Studies of Hadronization Mechanisms using Pion Electroproduction in Deep Inelastic Scattering from Nuclei

TL;DR

This paper investigates how atomic nuclei serve as spatial analyzers of the hadronization process in semi-inclusive deep inelastic scattering, using pion electroproduction data from Jefferson Lab to gain insights relevant for high-energy nuclear physics.

Contribution

It provides detailed measurements of transverse momentum broadening of pions across various nuclei, advancing understanding of quark transport and hadronization mechanisms in nuclear environments.

Findings

Transverse momentum broadening varies with nuclear size and kinematic variables.

Data supports models of quark transport through nuclear matter.

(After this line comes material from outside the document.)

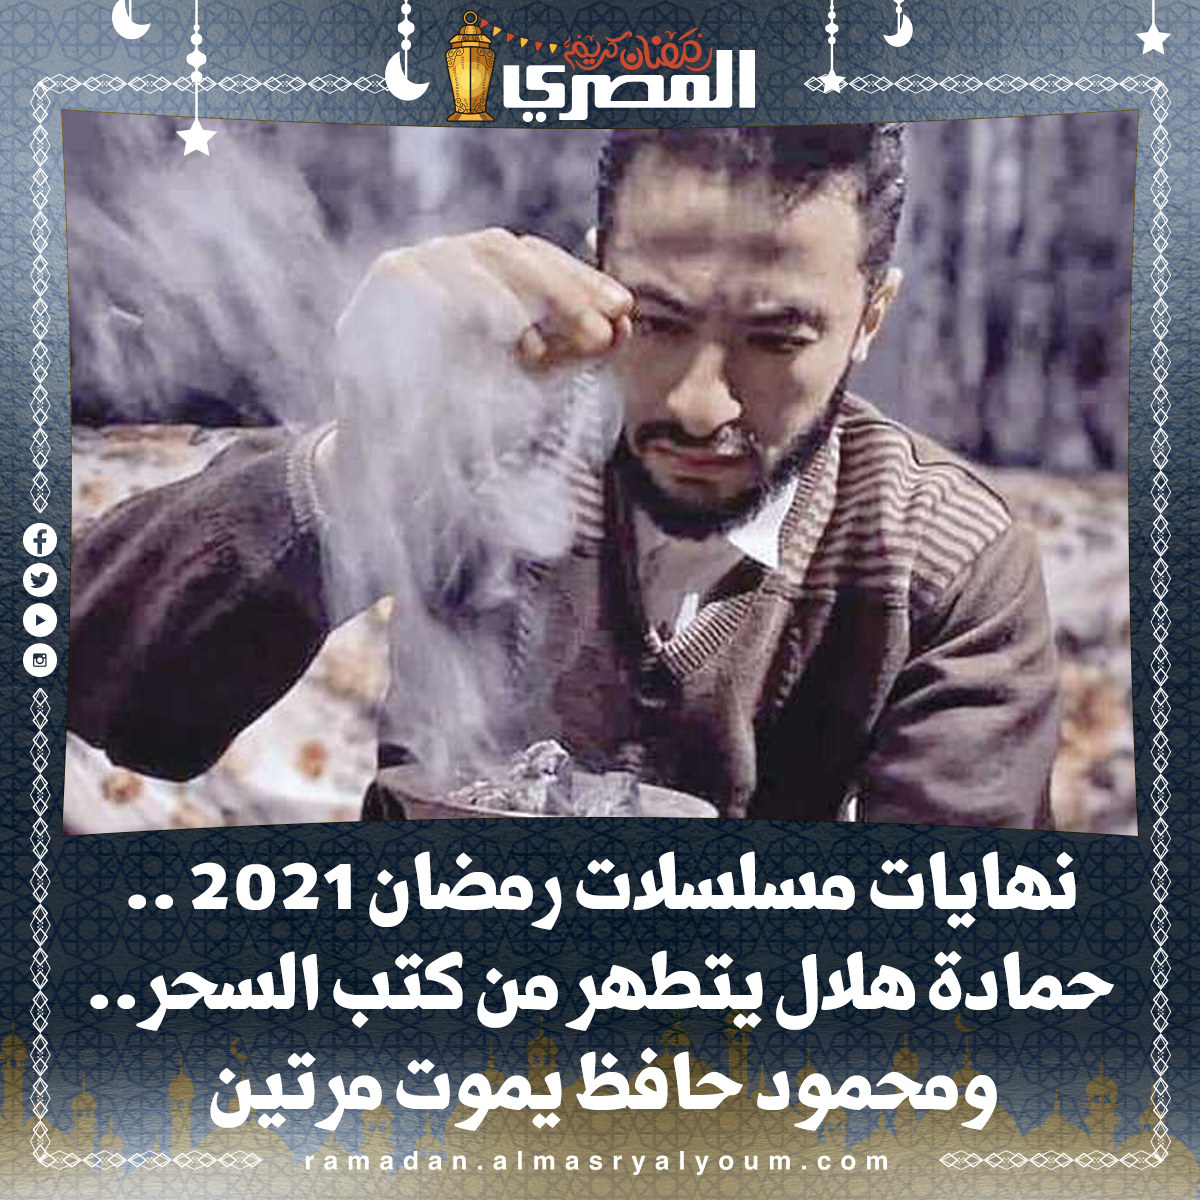 نهايات مسلسلات رمضان 2021 .. حمادة هلال يتطهر من كتب السحر.. ومحمود حافظ يموت مرتين
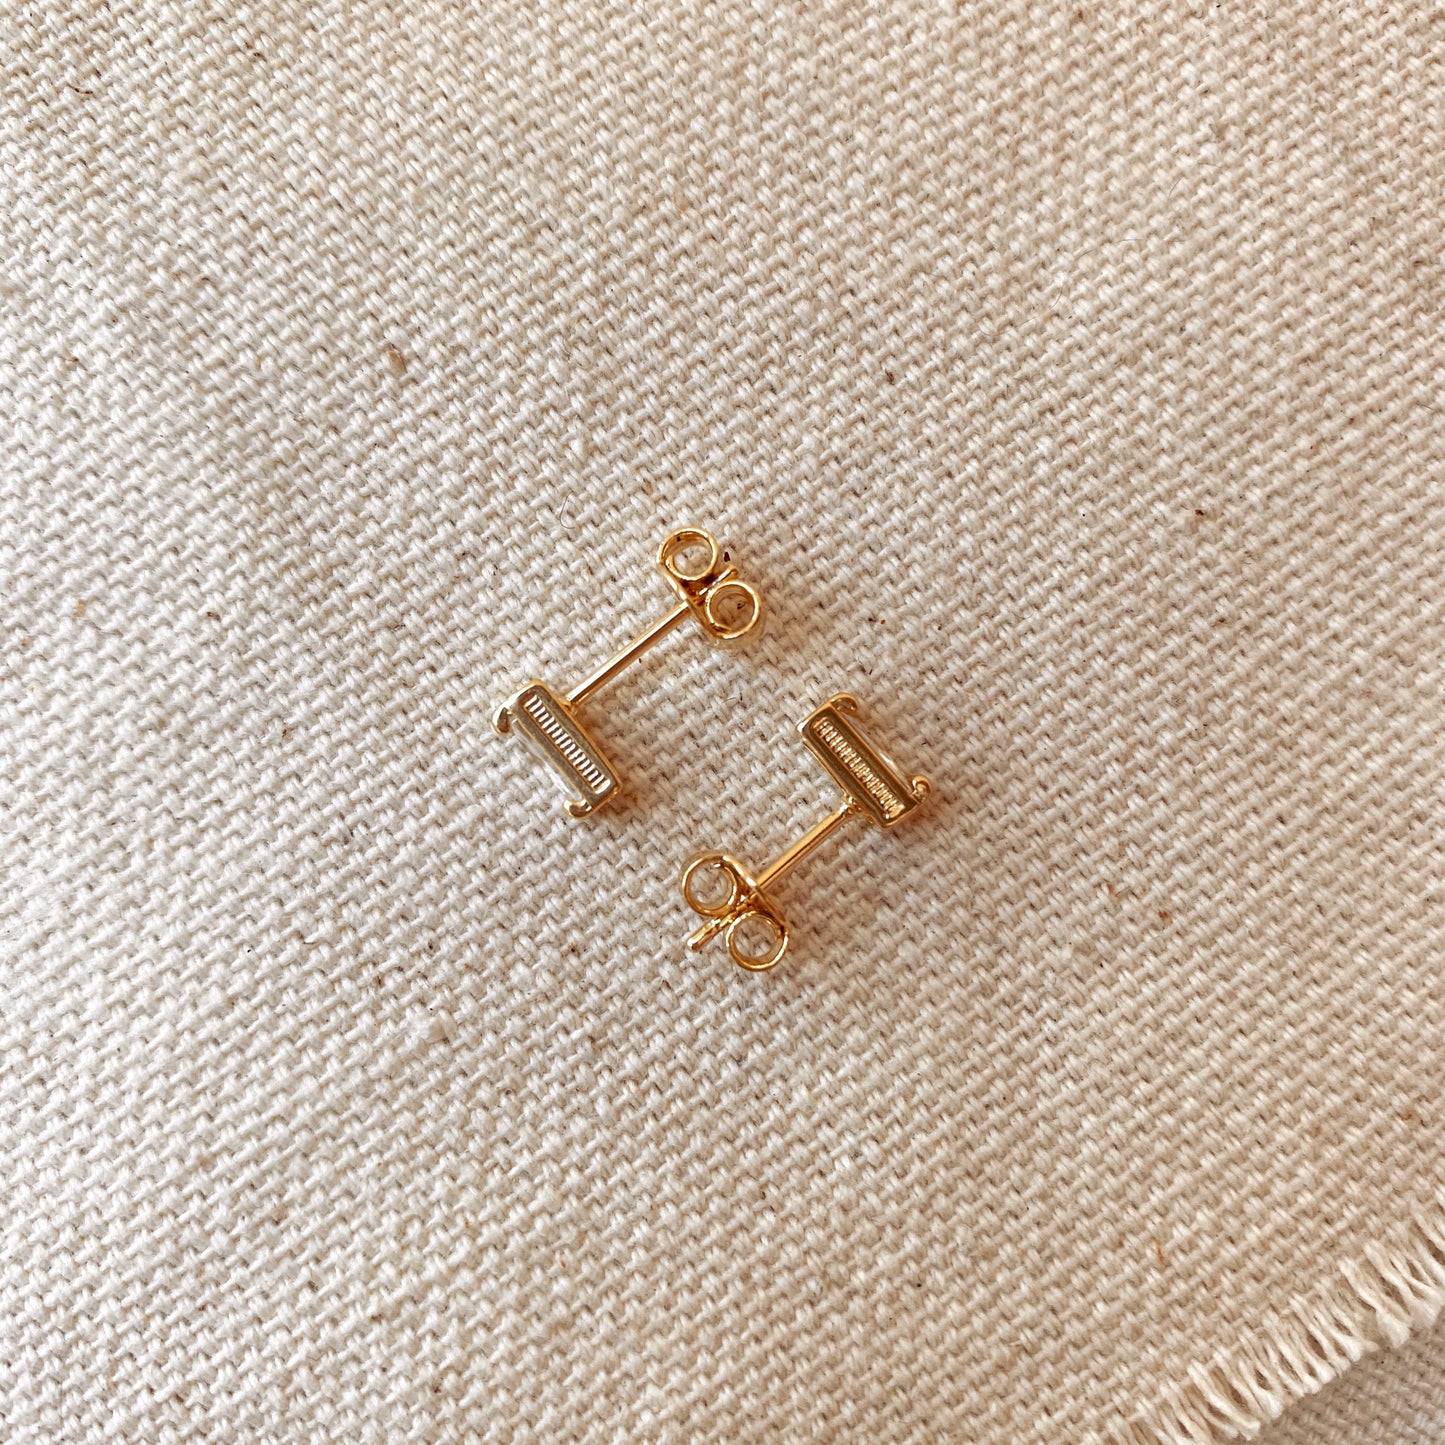 GoldFi Cubic Zirconia Baguette Stud Earrings In Gold Filled

Results have implications for jet quenching studies at RHIC and LHC.

Abstract

Atomic nuclei can be used as spatial analyzers of the hadronization process in semi-inclusive deep inelastic scattering. The study of this process using fully-identified final state hadrons began with the HERMES program in the late 1990s, and is now continuing at Jefferson Lab. In the measurement described here, electrons and positive pions were measured from a 5 GeV electron beam incident on targets of liquid deuterium, C, Fe, and Pb using CLAS in Hall B. The broadening of the transverse momentum of positive pions has been studied in detail as a function of multiple kinematic variables, and interpreted in terms of the transport of the struck quark through the nuclear systems. New insights are being obtained into the hadronization process from these studies; and experiments of this type can be relevant for the interpretation of jet quenching and proton-nucleus collisions at RHIC and LHC. These measurements will be extended in the next few years with the approved JLab experiment E12-06-117, and later at a future Electron-Ion Collider.